In another manipulative twist on the same situation, Bob might deny that he had ever agreed to go with Mary to her sister’s house. Or he might try to blame Mary by accusing her of dragging him away from his work or his rare moments of free time, saying, “We always do what YOU want to do.”

In these situations, Mary can’t make an accurate reading of the situation or come up with a workable solution because their reality is skewed by Bob’s actions.

There are many forms of emotional manipulation, from subtle “white lies” to blatant falsehoods, from taking advantage of someone’s weakness to taking advantage of their kindness. Manipulators blame, patronize, pout, sulk, brag, bully, guilt-trip, play the victim and draw attention to themselves. They play on others’ emotions, always putting themselves in the best light.

The best defense against emotional manipulation in a relationship is to establish strong communication and make a commitment to the truth. Being truthful doesn’t mean being hurtful.

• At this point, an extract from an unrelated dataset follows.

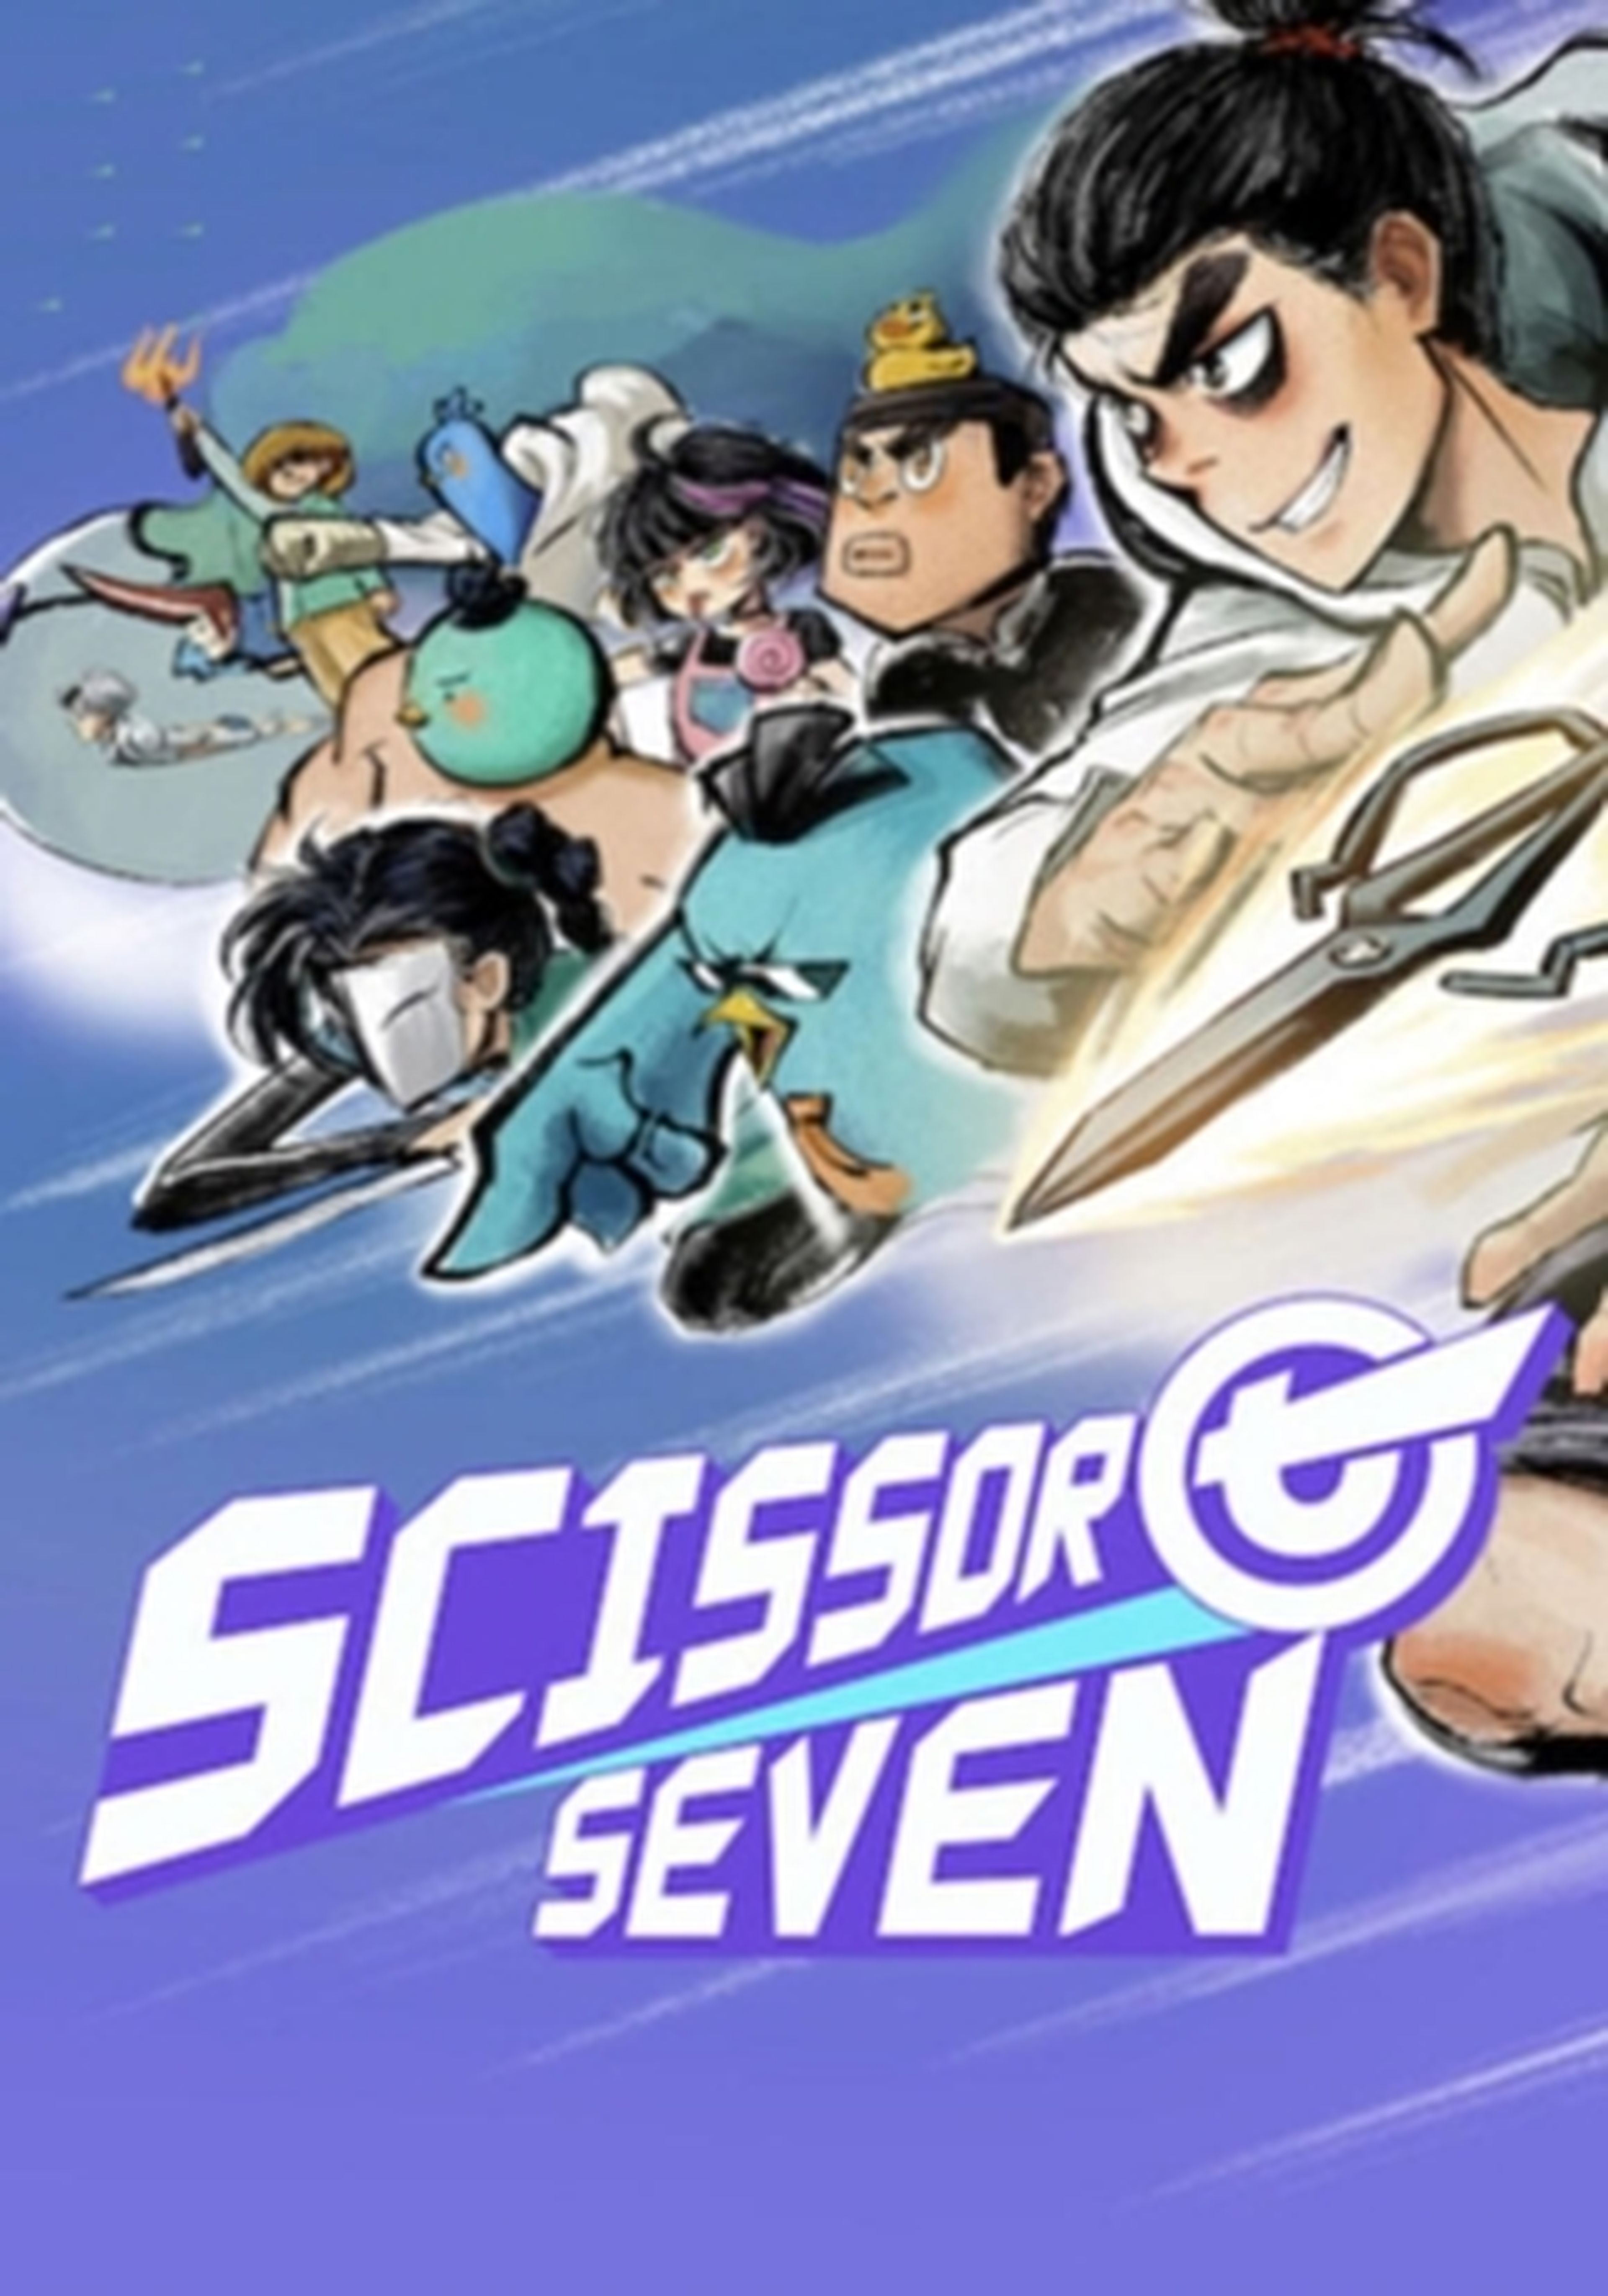 Scissor Seven cartel
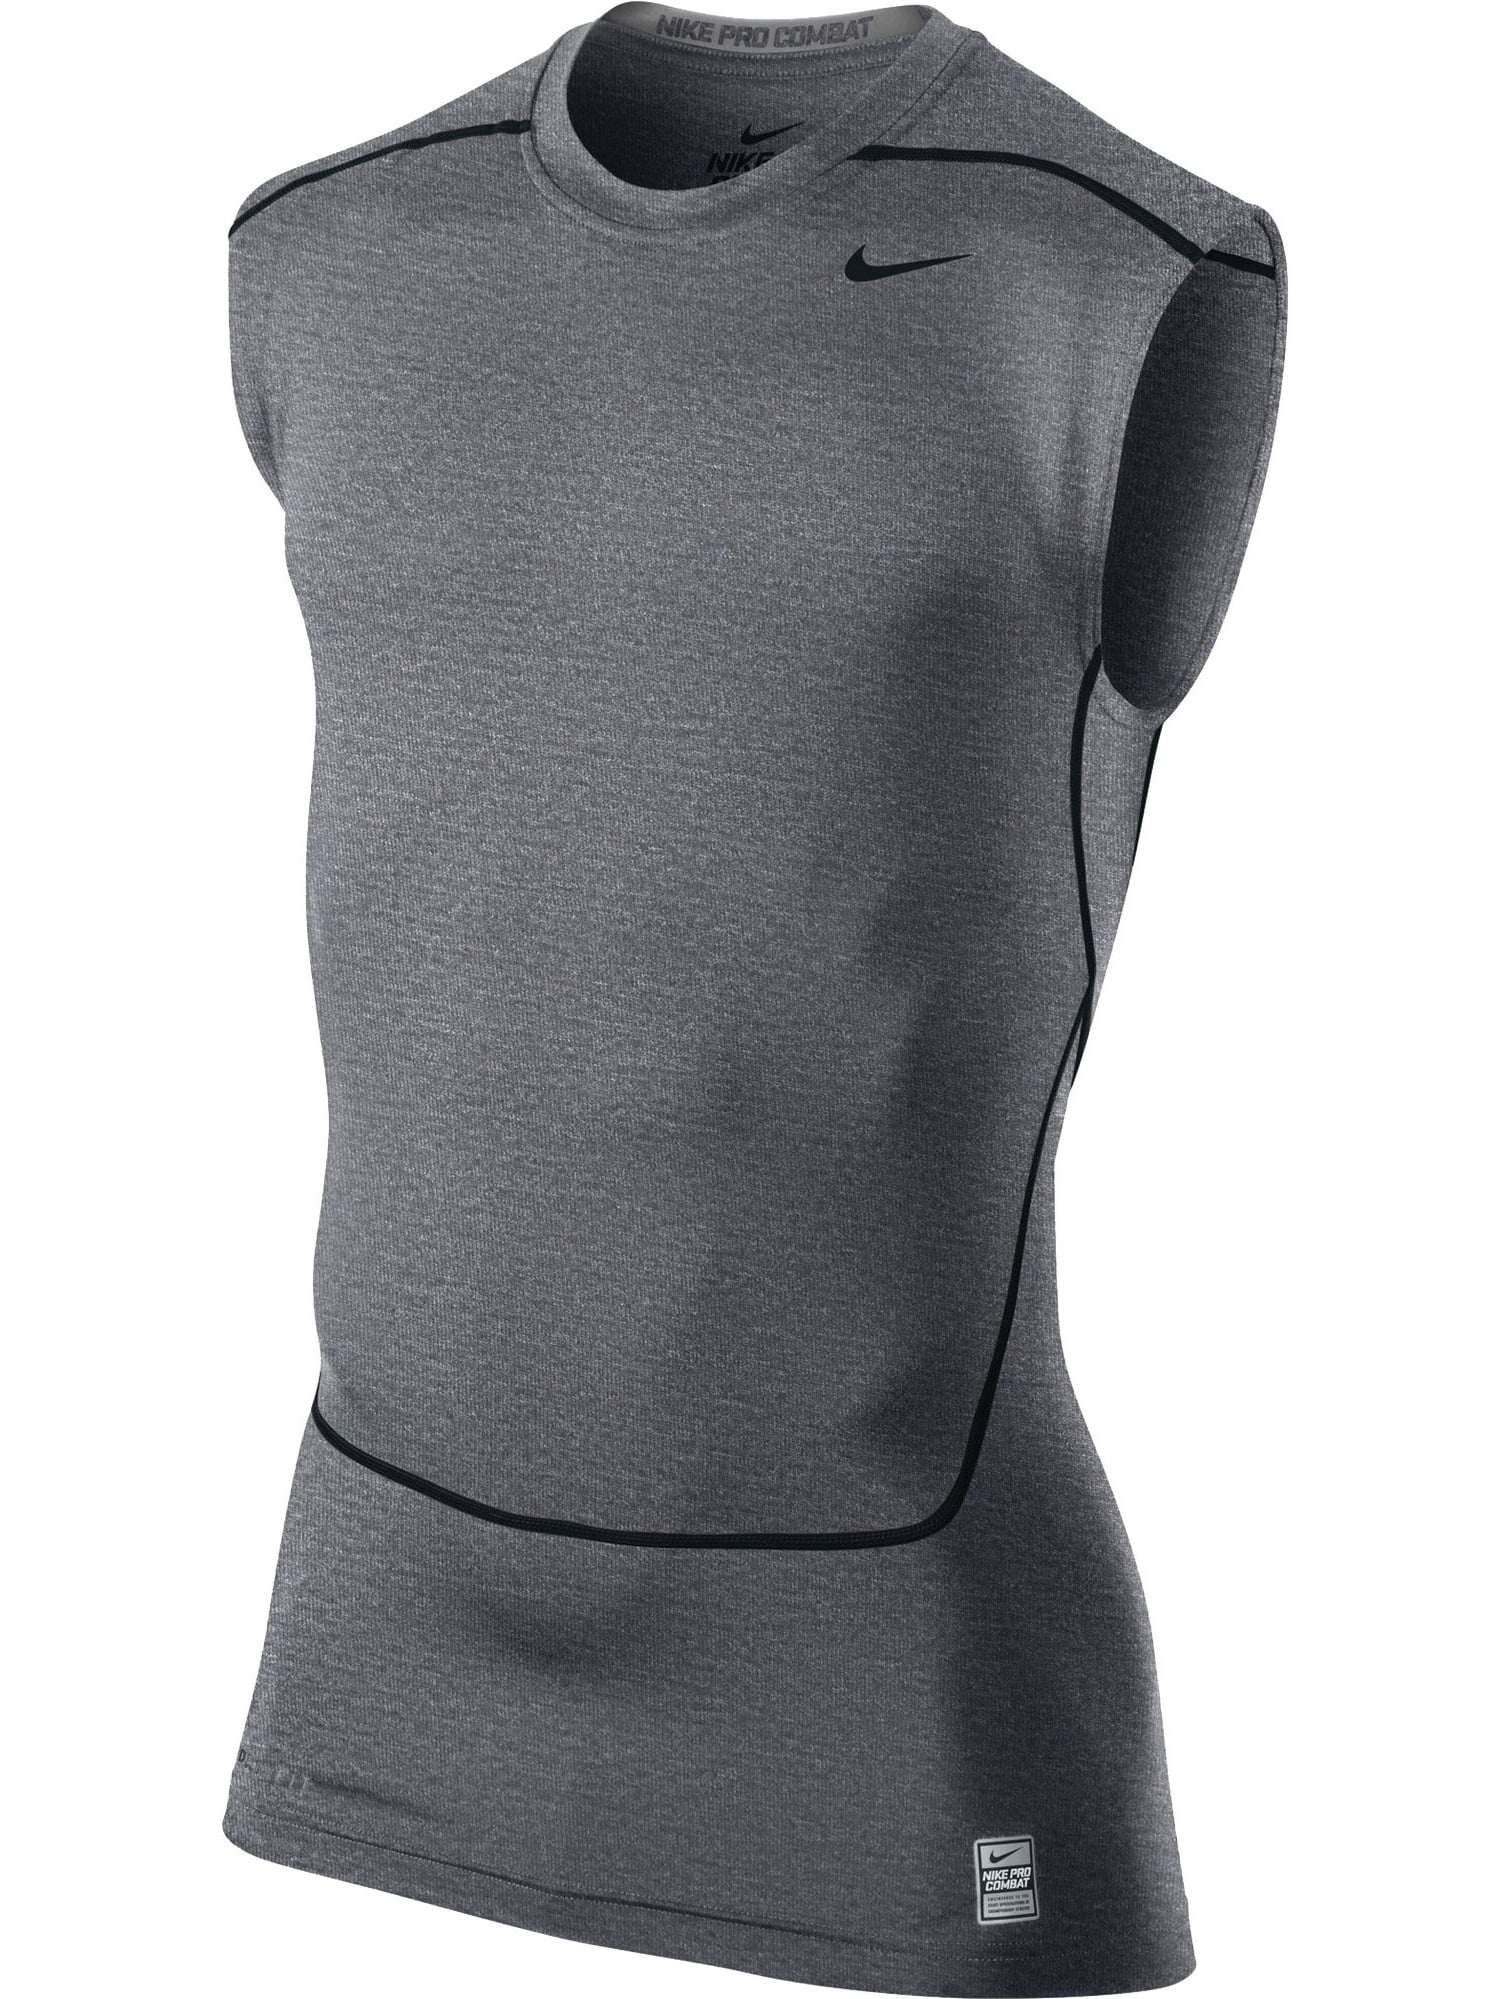 Nike Men's Core Compression Training Shirt - Walmart.com

It means speaking honestly, from the heart, accepting one’s own feelings, respecting the other person and working together toward a win-win solution.

In our example, Bob and Mary could have made some alternate plans that would serve both of them. Perhaps they could visit Mary’s sister together for a while, then Bob could leave Mary with her sister while he visits a friend or takes care of some errands. Or they could have agreed to shorten the visit in order to make time to do something together they both enjoy. To preserve harmony in their relationship, Mary could have visited her sister alone. There are numerous options in just about any situation if both partners are honest about their feelings and willing to compromise some of the time.

Developing strong communication and helping partners break patterns of manipulation are skills that can be enhanced through relationship counseling.